Indiantelevision.com Team

(10 April 2003 5:00 pm)
 
MUMBAI: Indian space agency ISRO has chosen Arianespace again to launch its INSAT 4A and INSAT 4B communications satellites.
 
 
After today's successful Ariane 5 mission that placed INSAT 3A into orbit from Kourou, ISRO chairman Dr. Kasturirangan and Arianespace CEO Jean-Yves Le Gall announced the signing of launch contracts for two more payloads - the INSAT 4A and 4B spacecraft.

These are the 12th and 13th Isro satellites to be booked on the European launcher. Since the launch of the Apple experimental satellite in 1981 on Flight L03, Arianespace has orbited ten Indian satellites. Arianespace is slated to launch another ISRO payload, the INSAT 3E satellite, later this year.

Designed, built and integrated by Isro, the INSAT 4A and INSAT 4B satellites each weigh about 3,200 kg at liftoff. INSAT 4A and INSAT 4B are dedicated to telecommunications, with 12 Ku band and 12 C-band transponders each. Their coverage zone is the Indian sub-continent.
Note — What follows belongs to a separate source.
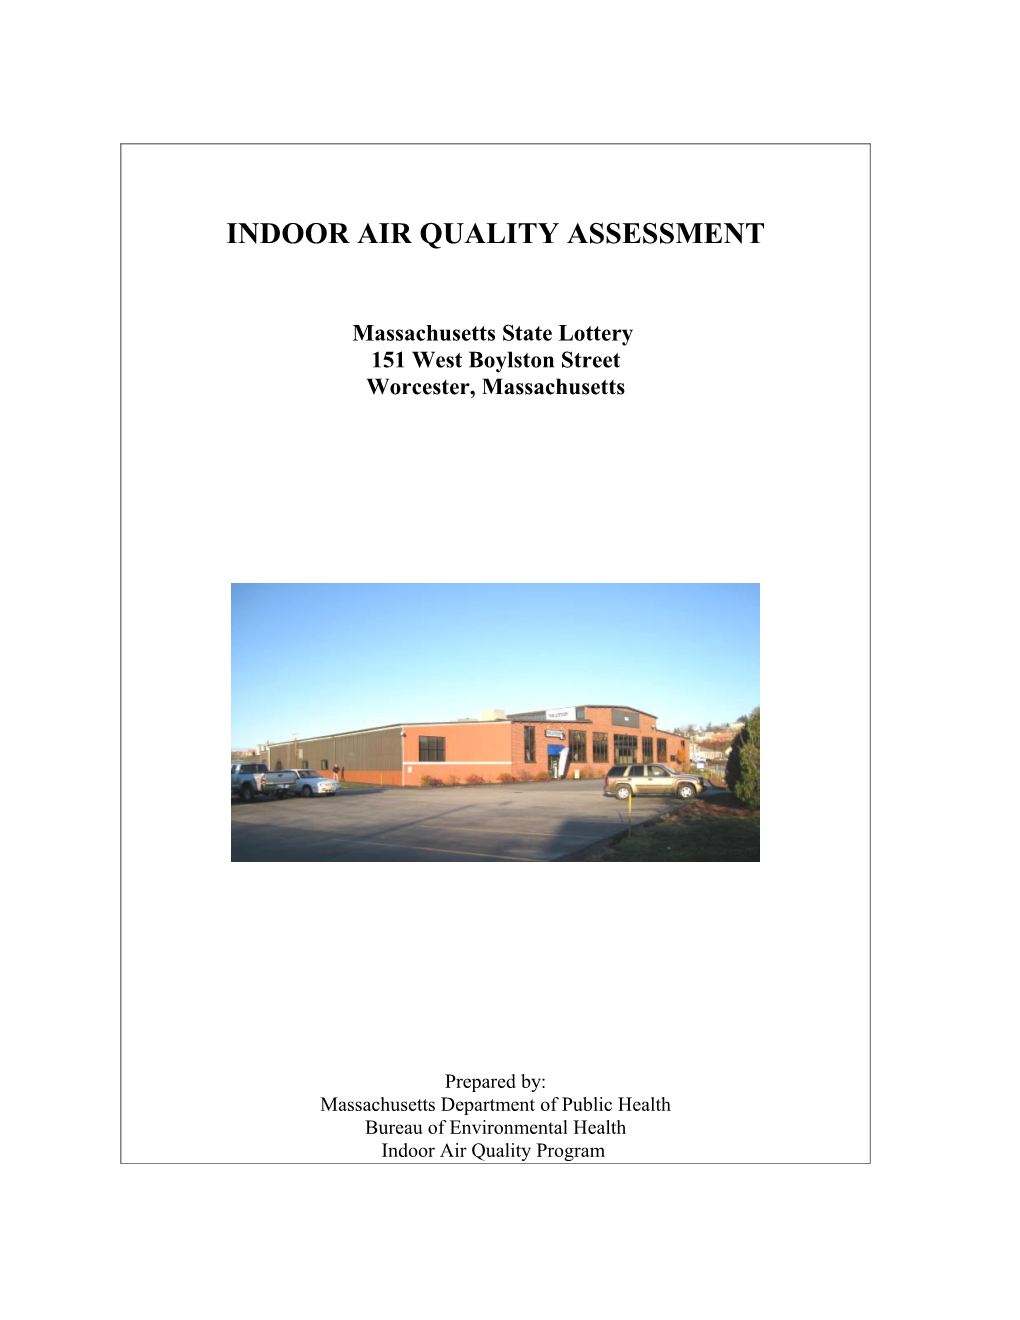 Indoor Air Quality Assessment s10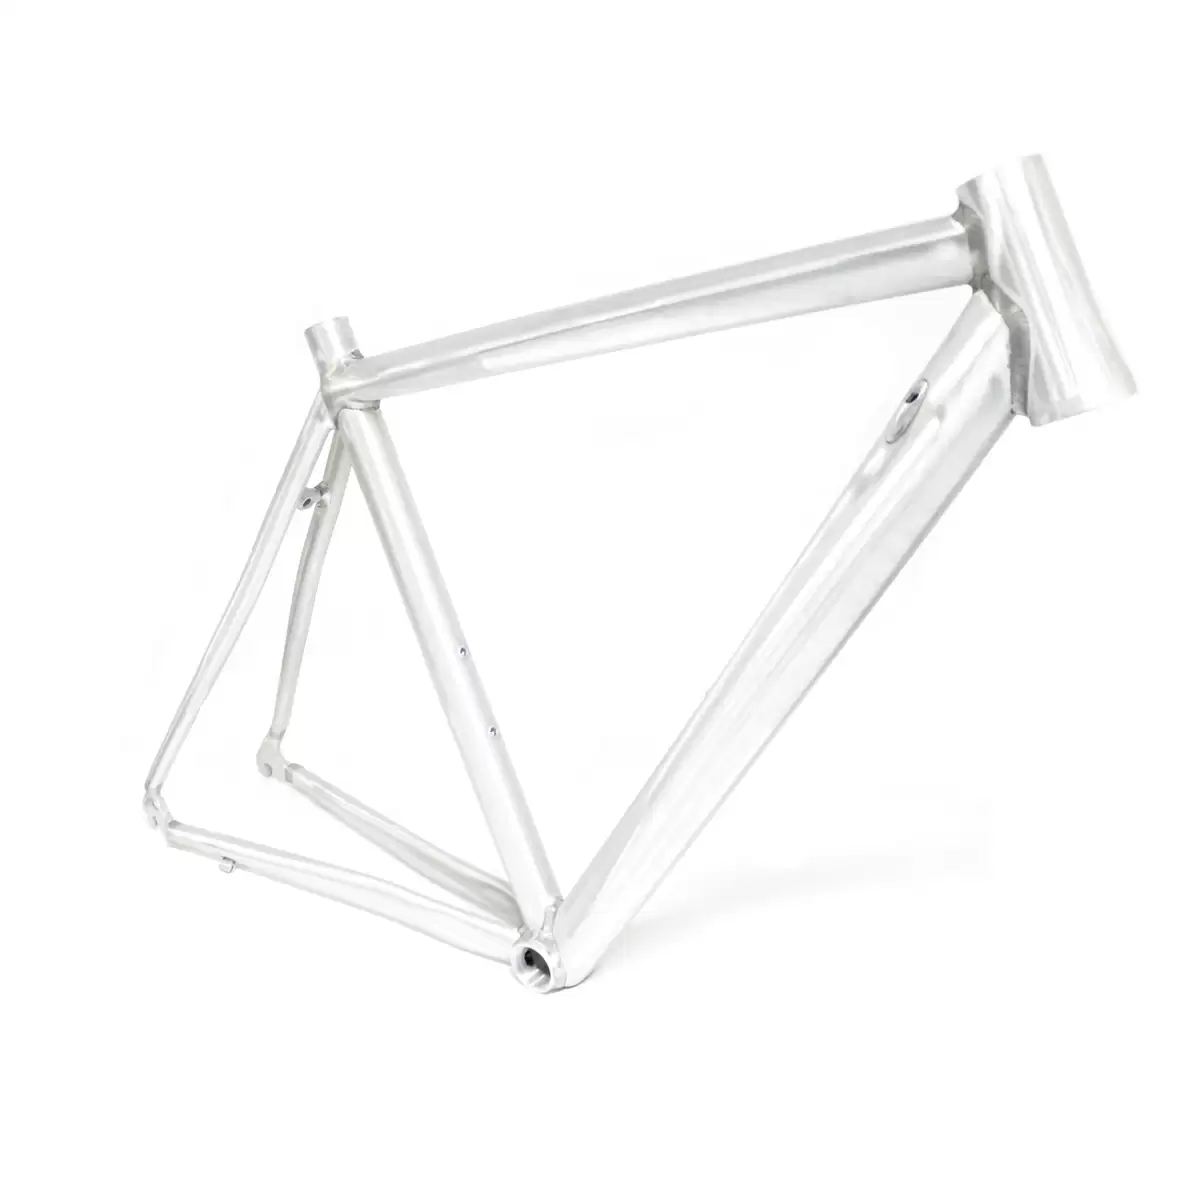 Road alloy tapered Caliper Frame size 57 - image

Meanwhile, the 160th flight of Ariane, carrying Isro's 2,950 kg INSAT-3A and GALAXI-XII of US, lifted off at 4.22 am IST from Kourou, French Guyana. INSAT-3A was injected into a Geosynchronous Transfer Orbit (GTO), 30 minutes after the lift-off in 3-axis stabilized mode, with a perigee (nearest point to earth) of 859 km and an apogee (farthest point to earth) of 36,055 km and an inclination of 1.99 deg. with respect to the equator. The satellite is at present going round the earth with an orbital period of about 10 hours 47 minutes, according to the agency.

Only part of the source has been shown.